Fiebertraum in der Welt der Farben

Am Samstag, 2. März steigt im W1 ein weiteres Konzert aus der Reihe „Happy Songs for Happy People“. Mit dabei: Wassermanns Fiebertraum, die aktuell am neuen Album arbeiten.

Etwa ein Jahr ist es her, dass Christian Uhrmann (Gitarre), Michael Lobesan (Gitarre), Peter Gröschl (Schlagzeug) und Reinhard „Reini“ Brücher (Bass) alias Wassermanns Fiebertraum ihr Erstlingswerk „Brandung“ veröffentlich haben. kult hat nachgefragt, was in den vergangenen Monaten bei den Post-Rockern los war und wie die Arbeit am neuen Album läuft.

„Wir waren natürlich viel unterwegs“, sagt Christian. „Haben coole Konzerte gespielt und super nette Bands getroffen.“ Aber eigentlich waren sie bald nach der Veröffentlichung des ersten Albums schon wieder mit der Arbeit am zweiten beschäftigt. Eins der Lieder, die für das neue Album geplant sind, soll „Waldblüte“ heißen. „Das hatten wir schon, bevor ‚Brandung‘ überhaupt draußen war“, sagt Michael. „Seit Mai 2012 haben wir immer mal wieder an neuen Ideen gefeilt.“

Neue Songs schreiben – das war für die Band nicht weniger wichtig, als andere Bands oder Veranstalter kennenzulernen. Und da stellt sich die Frage, ob das Neue nicht nur neu, sondern auch anders ist. „Das neue Album wird im Vergleich zu ‚Brandung‘ eindeutig fröhlicher, verspielter, lebensbejahender, ist aber trotzdem noch aus ‘nem melancholischen Holz geschnitzt“, weiß Michael. „Ich würde es auch als musikalisch vielfältiger bezeichnen“, sagt Christian. Vor allem, weil das Songwriting etwas anders und auch kooperativer stattgefunden habe. Peter erklärt: „Die Lieder sind mehr in der Zusammenarbeit bei den Proben entstanden, und nicht wie bei ‚Brandung‘ größtenteils aus der Feder vom Michael. Herausgekommen sind abwechslungsreichere Strukturen, ungewöhnlichere Taktarten und mehr Taktwechsel.“ Trotzdem kämen die Lieder aber „auf den Punkt“, sagt Michael. „Sie haben wieder einen eher poppigen Charakter. Zentrale Motive in den neuen Liedern sind Sehnsucht, Fernweh und Abenteuerlust. Das Verlangen, die Welt zu bereisen, Neuland zu betreten.“

Als „langes Herumexperimentieren“ beschreibt Reini diese Entwicklung. „Mit viel nachträglichen Veränderungen und Details.“ Und er verrät ein weiteres Experiment: den Einsatz von Synthesizern. Auch über „etwas mehr Stimme“ wird noch diskutiert – konkrete Details zum endgültigen Konzept möchten die vier aber noch nicht verraten. Nur so viel: Einen Namen für das Album gibt es schon: „Tauche die Welt in Farben“.

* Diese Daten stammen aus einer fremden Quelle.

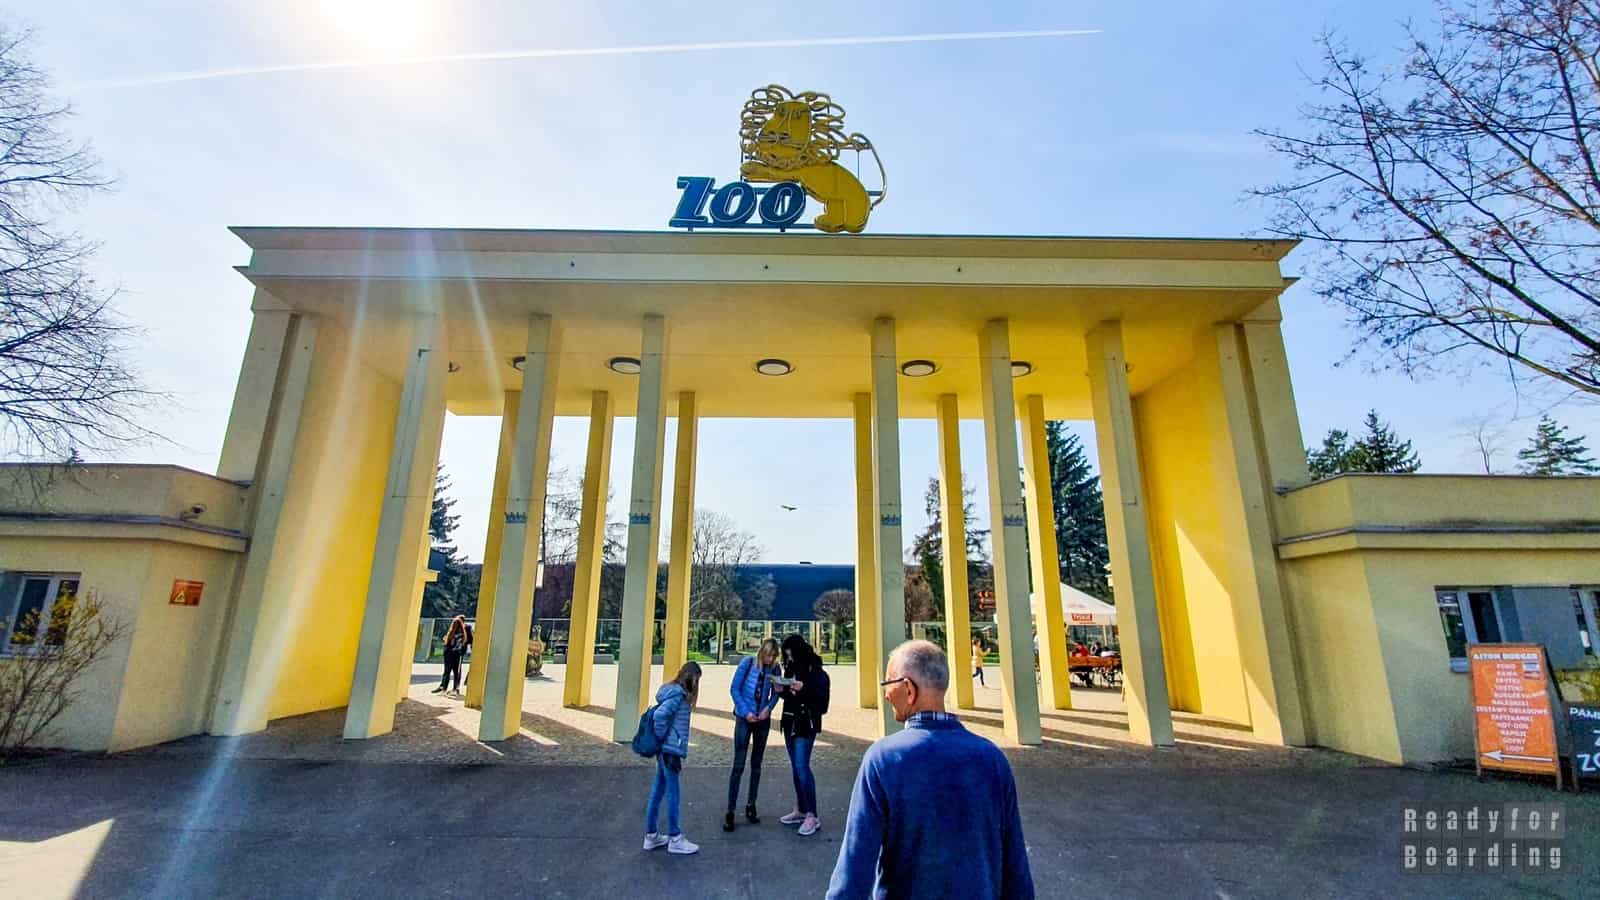 Wroclaw Zoo and the Afrykarium in Wroclaw

Ausgenommen dem musikalischen Konzept und dem Songwriting greifen Wassermanns Fiebertraum jedoch wieder auf Altbewährtes zurück: mit Felix Klee und Wolfgang Hinterdobler besteht die Zusammenarbeit im Bereich Design weiter. Zuständig für Mixing und Sounddesign ist Alex Szabados, Olman Viper mastert das Album. Im März geht’s für die Aufnahmen in ein Passauer Tonstudio. Der Termin für die Veröffentlichung ist allerdings noch nicht sicher, denn Wassermanns Fiebertraum sind auf der Suche nach einem Label.

Bis dahin können sich Fans mit einem Video zum Song „Jetzt oder Nie“ trösten. Oder ganz einfach am Samstag ins W1 gehen (Beginn 20.30 Uhr) und neben Sonson aus Göteborg und Lost My Gravity aus Regensburg auch Wassermanns Fiebertraum lauschen. Und Ohren auf: Denn manchmal findet auch eine neuer Song den Weg auf die Bühne!